Project: Ride-sharing behaviors of New York City’s taxi and rideshare users

Introduction


The purpose of this sub-project is to explore sharing patters of passengers who are taking New York City’s taxis and rideshares, including Green Boro taxis, Yellow Medallion taxis, Uber and Lyft.

I found that: 1) When examining only ride areas with greater than 10,000 occurrences during rush hours, 102 data points are available. However, this number is dominated by rideshares such as Uber and Lyft (85 out of 102), not taxis. It seems that between July 2017 and July 2019, rideshares were popular during rush hours. The other interpretation can be the data for taxis may not be complete so less number of occurrences could have been recorded.

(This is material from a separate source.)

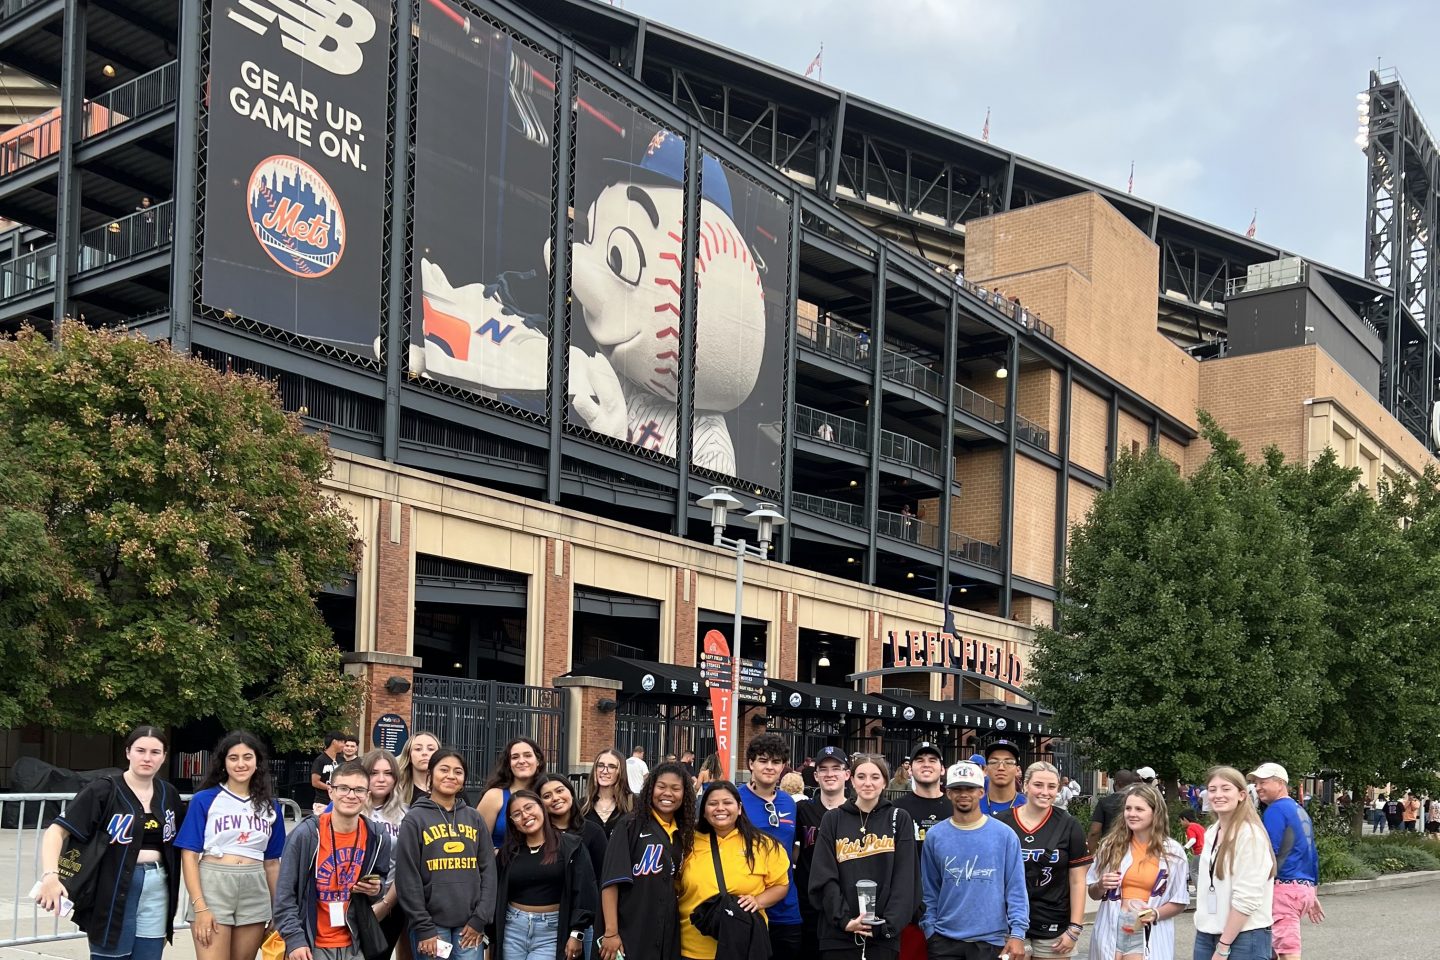 A group of about 24 young adults is standing in front of the entrance to a large building identified as a baseball stadium due to visible signage and associated elements. The group appears to be diverse, with individuals wearing casual clothing, some in sports attire like baseball jerseys of different teams, and others in Adelphi University-branded sweatshirts.

2) Shared ratios for green taxis seems to be lowest, consistently between 12.81% and 21.07%. However, the interpretation here is quite difficult to make because the comparison between rideshare and two taxis is not a fair one. The only clear points here are: where there is one passenger only, these rides are not shared; and the ride-sharing ratio of yellow taxis seems to be higher than that of green taxis.

3) The average shared ratios for Brooklyn seems to be higher than those of Manhattan and Queens. For rush hours, not much data is available for the shared ratios for Bronx.

map_over_10k

Overall, rideshare methods may not have been used to deliver ‘true’ ride-sharing in certain areas during rush hours. An increase in ‘true’ ride-sharing may be required to make NYC’s rides more efficient during rush hours since a large disparity from ride-sharing ratios is observed between the areas during rush hours (e.g. Lenox Hill East: 40.04% vs JFK Airport: 11.42%).

Import packages


Prior to starting any analysis and visualization, I will import relevant packages to be used in this project.

#To get automatic reloading and inline plotting
%reload_ext autoreload
%autoreload 2
%matplotlib inline

import numpy as np
import pandas as pd
#graph visualization
import seaborn as sns
import matplotlib.pyplot as plt

import datetime as dt

import folium #folium map visualization

Create dataframes from available csv files


The New York City (hereafter, NYC)’s taxi and ride-share data is available here: https://www1.nyc.gov/site/tlc/about/tlc-trip-record-data.page

In my case, I had New York City’s Bike, MTA, Green, Yellow and Rideshare data available. However, because of their vast amount, I decided to focus on transportation modes where a single passenger would most likely use but having a sharing capacity, hence taxis and ridesharing methods such as Uber and Lyft.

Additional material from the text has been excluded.